An armed clash in the early hours of July 5 in a mountain village in Mexico’s border state of Chihuahua left at least 25 dead—the latest indication that narco-gangs are stronger than the government across much of the country’s drug-producing sierras.
The shoot-out erupted in the pueblo of Las Varas, Madera municipality, in the foothills of the Sierra Tarahumara—one of Mexico’s prime cannabis and opium cultivation areas. Local news accounts indicated the gun-battle began as a confrontation between two gangs vying for control of the village—La Línea, loyal to the Juárez Cartel, and Gente Nueva, enforcers for the rival Sinaloa Cartel.
The gangsters turned their guns on the state police when they arrived, but soon fled. Three people were detained and 10 vehicles and 20 weapons seized, the state prosecutor general said.
There had been signs of a brewing explosion in Las Varas.
Two weeks ago, two officers were killed when the village police station was attacked. Days after that, eight bodies were found in clandestine “narco-graves” behind the local cemetery. There were other confrontations in the village in May, when one civilian was killed. Nearly 3,000 shell casings were found in the area of the July 5 shoot-out—speaking to months of gunplay in the village.

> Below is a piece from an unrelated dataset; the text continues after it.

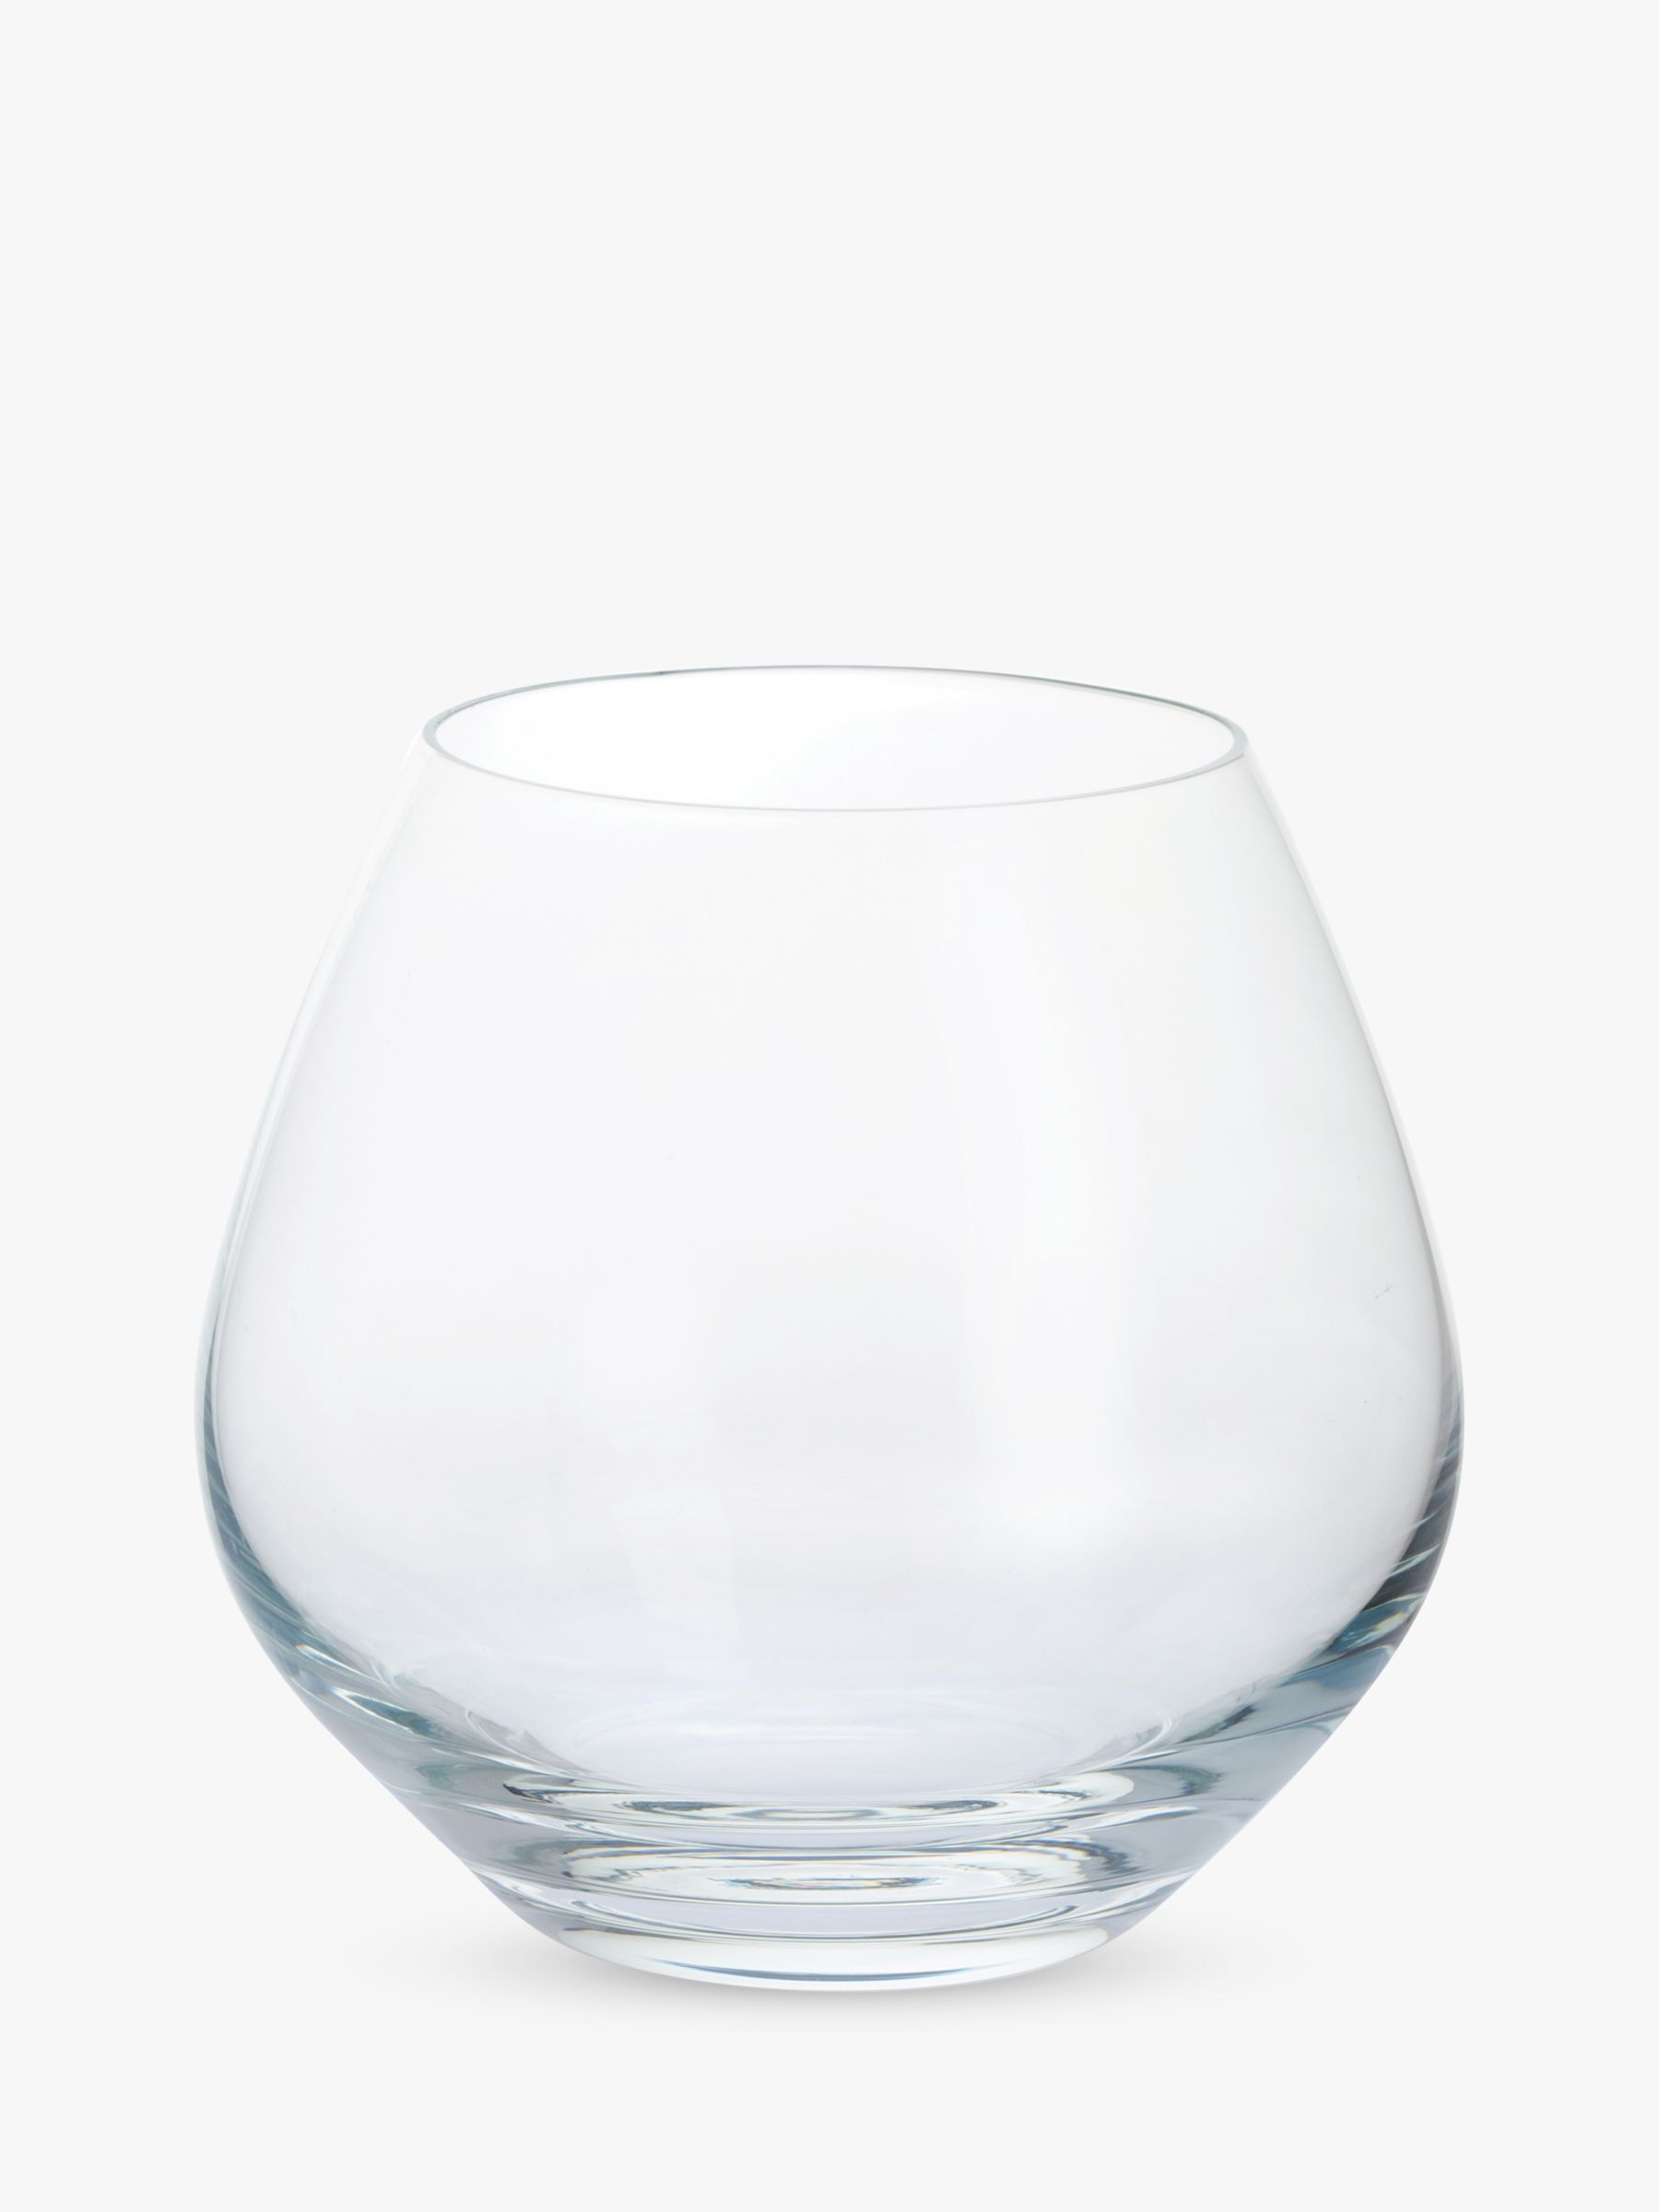 Dartington Crystal Stemless Gin Copa Glasses, Clear, 440ml, Set of 6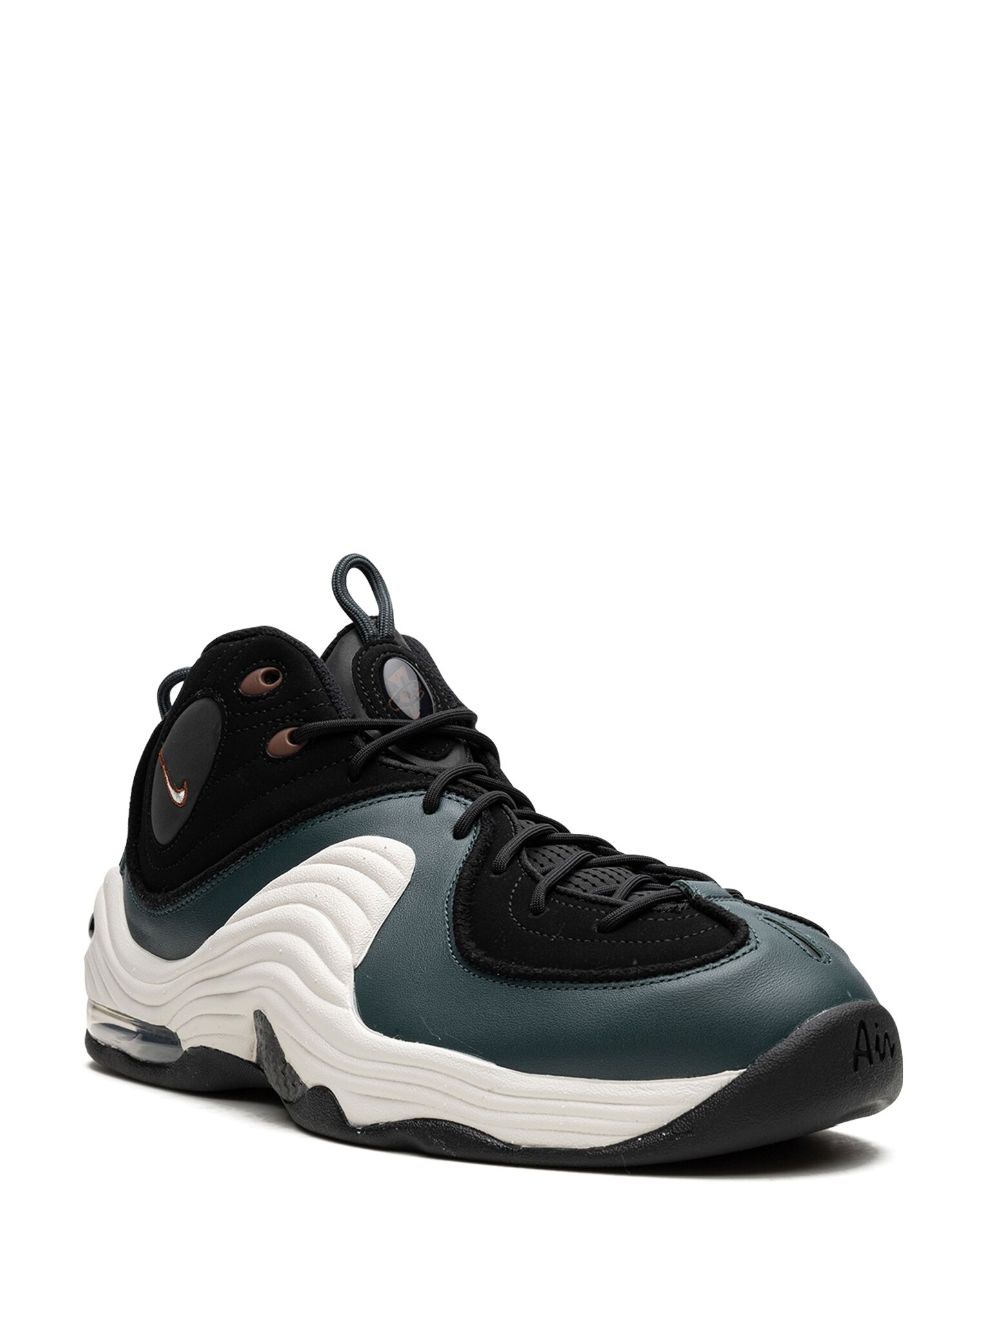 Image 2 of Nike Air Penny 2 "Faded Spruce" sneakers

A “peace of the graveyard” that has prevailed in Ciudad Juárez—the chief border crossing in Chihuahua and once Mexico’s murder capital—since the Sinaloa Cartel crushed the local Juárez Cartel. But if the Sinaloa machine now decisively controls the strategic entrepôt, the bloody struggle continues in Chihuahua’s interior mountain production zones.
The Sierra Tarahumara has been throughly colonized by the cartels.
In addition to battling each other, their local enforcers use assassinations and paramilitary terror against campesinos who would oppose their rule. It only makes news north of the border—briefly—when it manifests in something as grimly spectacular as the bloodletting at Las Varas.